Last week after a photo made the rounds on social media of West standing on the side of a road with a sign asking for help, former coaches and players voiced concern. Mavericks owner Mark Cuban tracked him down and assisted in getting him help.

That sentiment in the community over West’s heartbreaking situation was treated with empathy, not scorn, gives me hope mental illness may be shedding its first layer of stigma skin. That society may be starting to understand severe mental illnesses like bipolar disorder and schizophrenia are brain disorders just like Parkinson’s, Alzheimer's and Epilepsy. That the causes are neurological.

In 2005, Delonte West gave a candid interview to Washington Post writer Rick Maese The fall and rise of Delonte West where he discussed his mental illness. In the interview he says,

“I am bipolar — just like the rest of us in the world,” he said. “So bipolar is defined as something sad happens, you’re sad. Something happy happens, you’re happy. I think pretty much everyone in the world is like that. Now there are different levels. How long do you stay sad? How does it affect your behavior? How do you handle these emotions?”

He described his illness in such layman terms, it may be difficult for those outside the world of mental illness to fully grasp his reference to his sad and happy moods. In reality, these moods are far more extreme for those who suffer from bipolar disorder. I know individuals whose depths of depression become suffocating. They are literally immobile, while when manic they barely sleep, spend excessively without a thought, and can be at their creative best as ideas flow at a breakneck pace. Their lives like F5 tornados.

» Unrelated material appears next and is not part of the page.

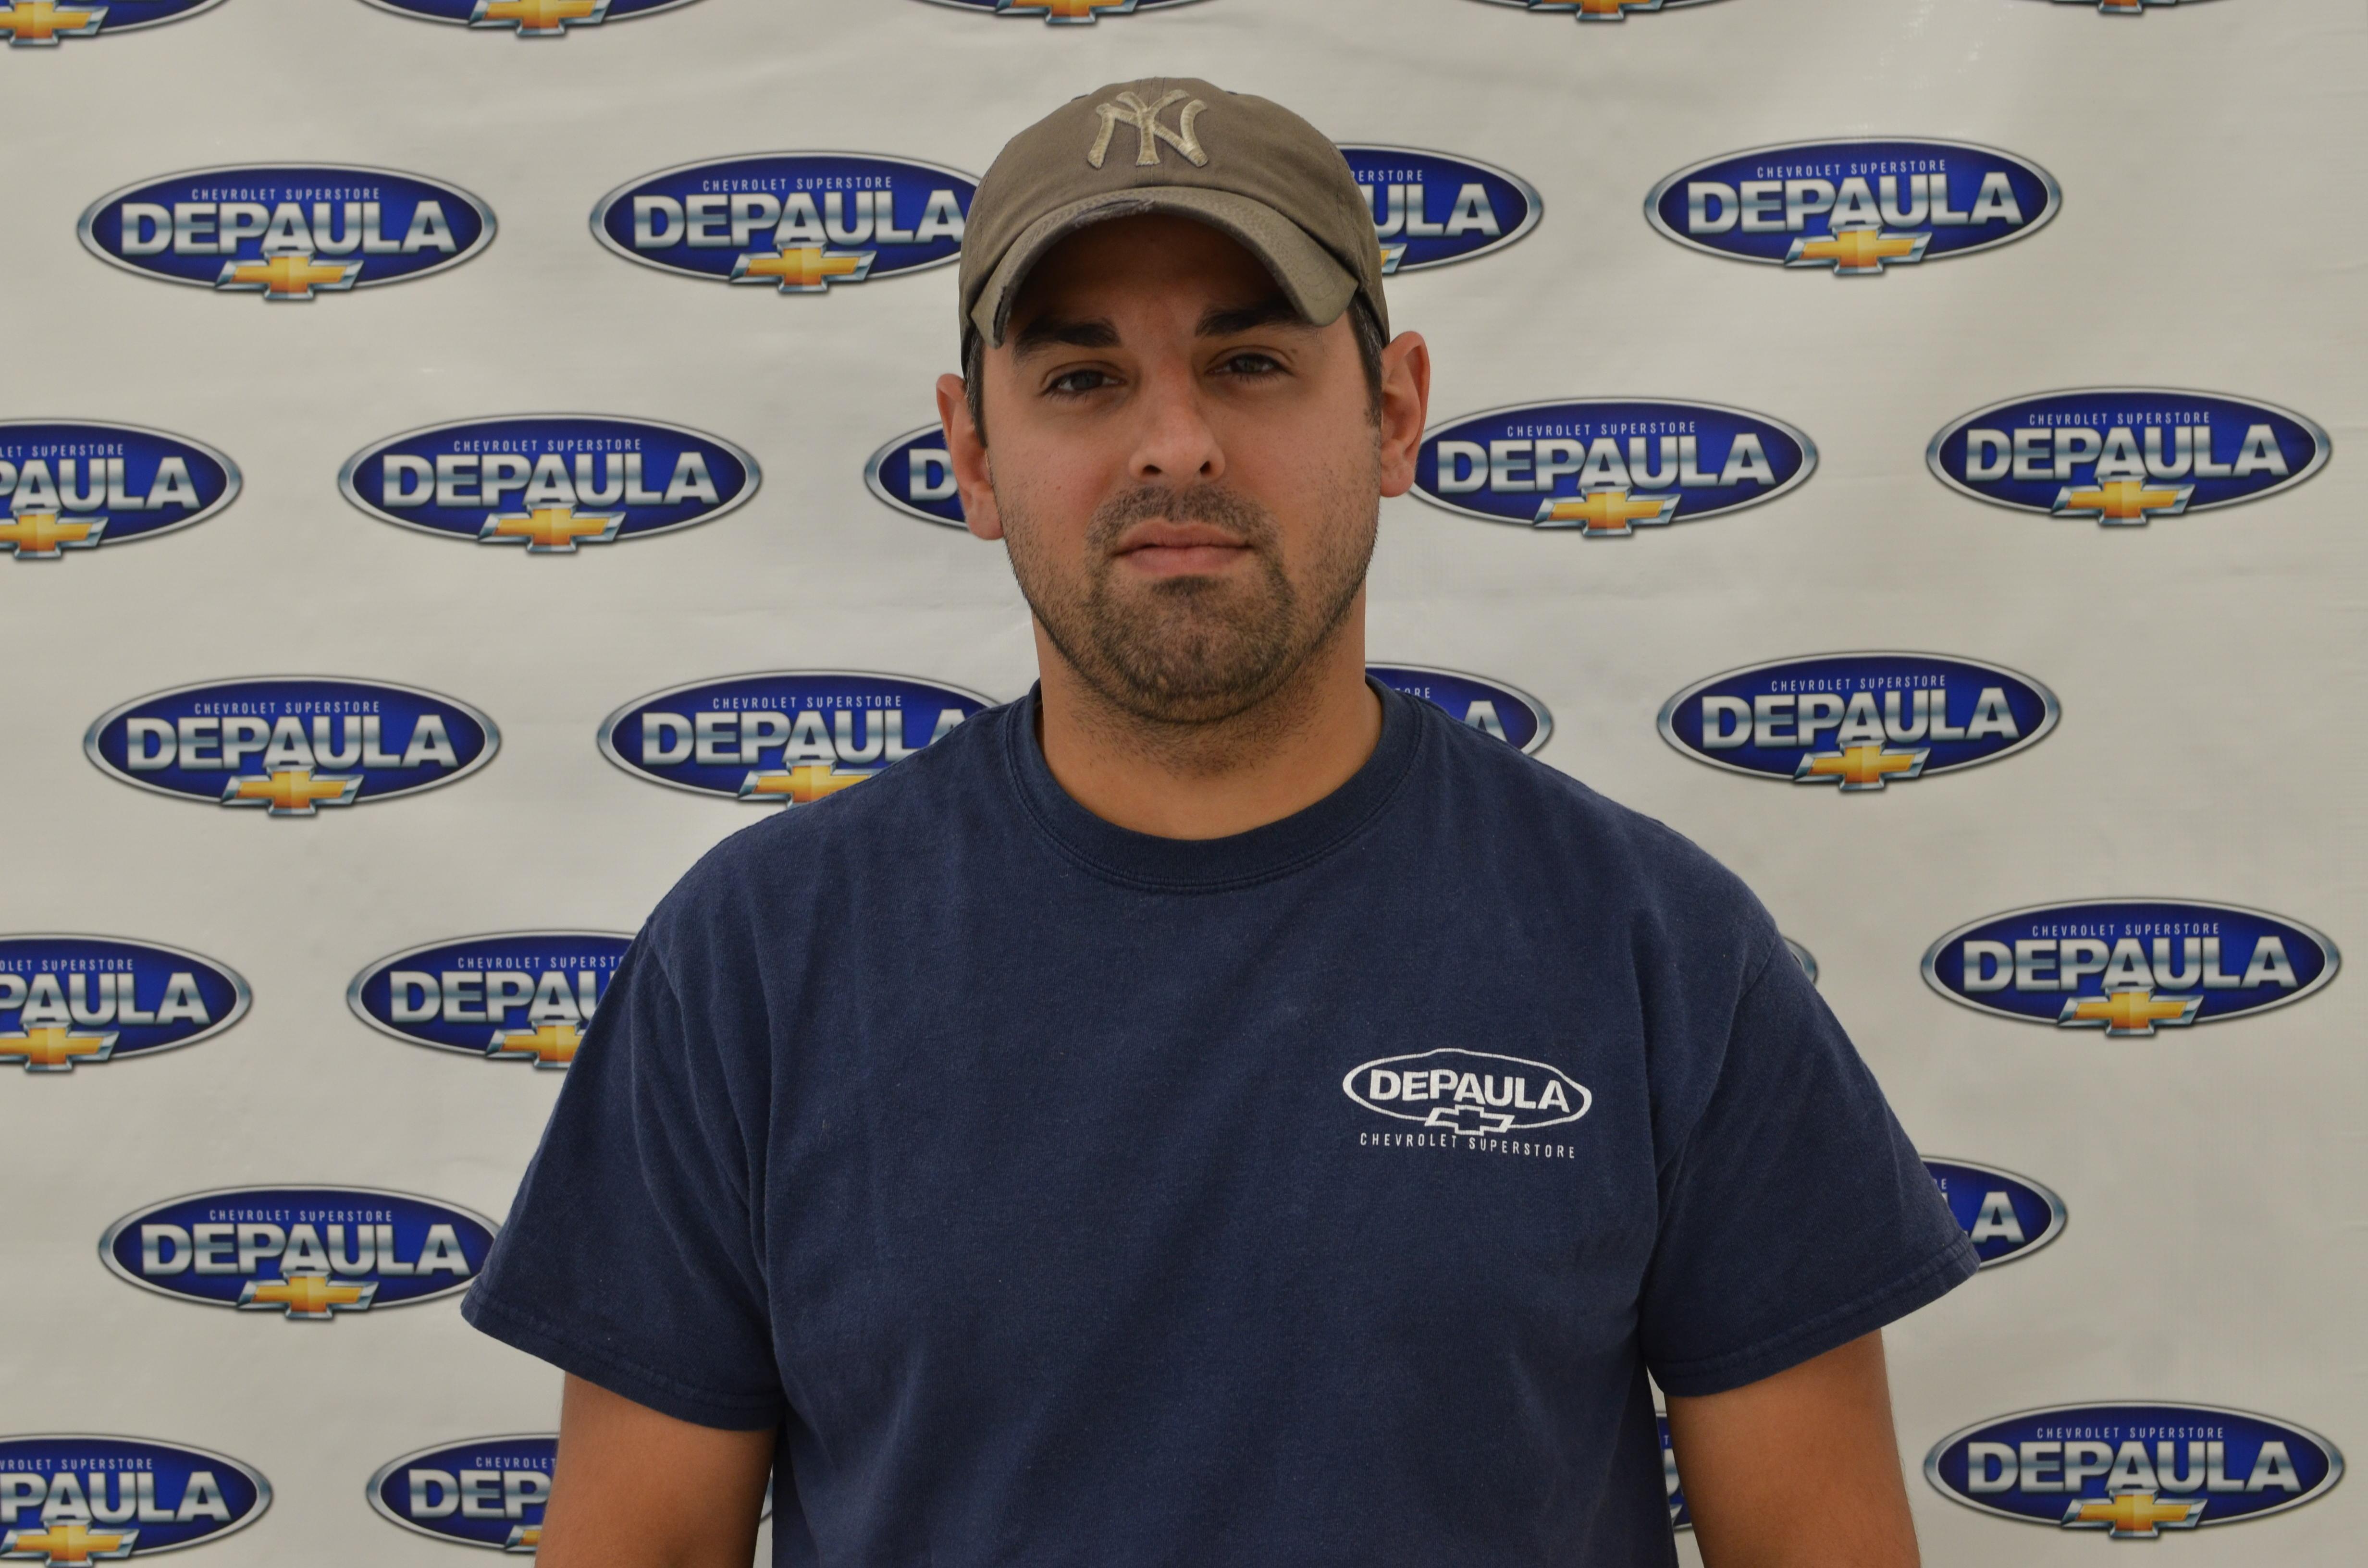 Steve Luciano
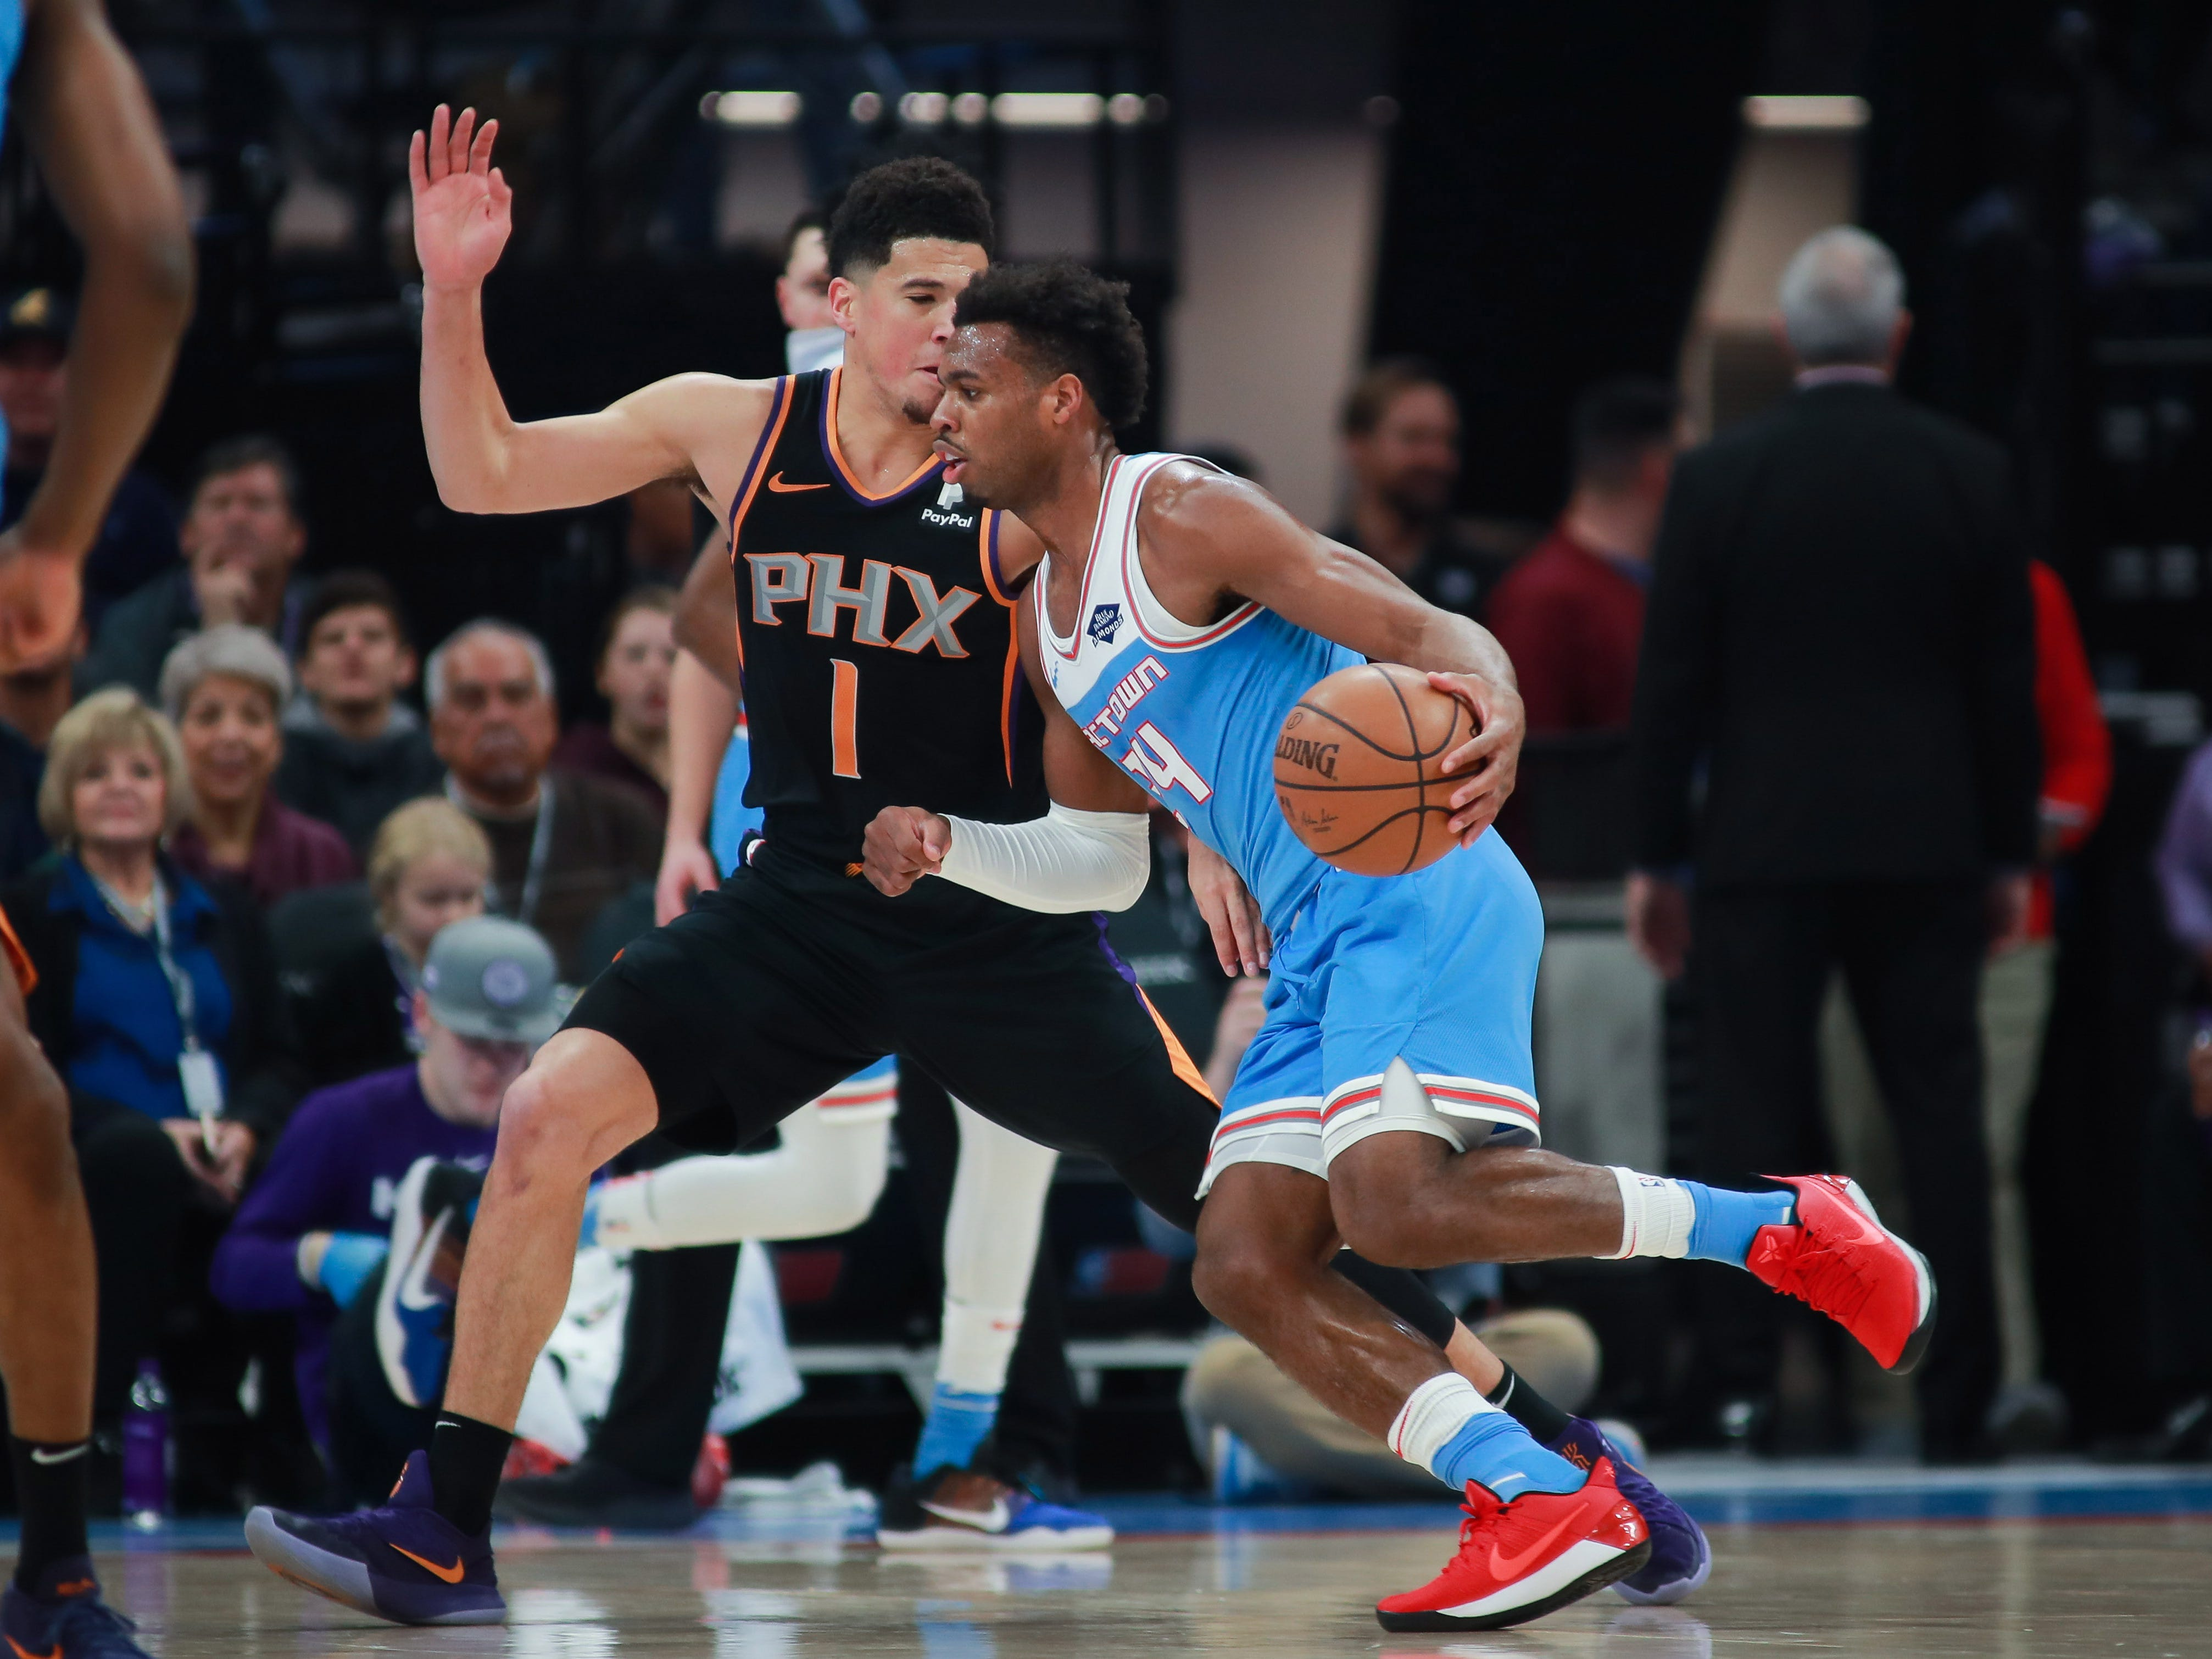 Feb 10, 2019; Sacramento, CA, USA; Sacramento Kings guard Buddy Hield (24) dribbles the ball around Phoenix Suns guard Devin Booker (1) during the first quarter at Golden 1 Center.

Kay Redfield Jamison Page’s Unquiet Mind: A Memoir of Moods and Madness is considered the classic first-person account of bipolar disorder. She described her moods with striking, unforgettable clarity.

West was in the midst of a severe mental health episode when Cuban pulled him off the streets, and he is not alone. Other players in the NBA have opened up about their struggles with mental illness as well. One of the most transparent has been Kevin Love, who plays for the Cleveland Cavaliers. Love openly acknowledges he suffers from bouts of severe anxiety and depression.

The importance of these celebrities talking generates awareness and humanizes the fact that 1 in 5 adults in the U.S. suffer from mental illness, while 1 in 25 adults in our country suffers from severe mental illness. In other words, millions of people in the U.S. are dealing with a mental health disorder, and no one should feel ashamed.

Instead, we need to keep peeling away those layers of stigma until there is nothing left to peel and no one hesitates to seek out help.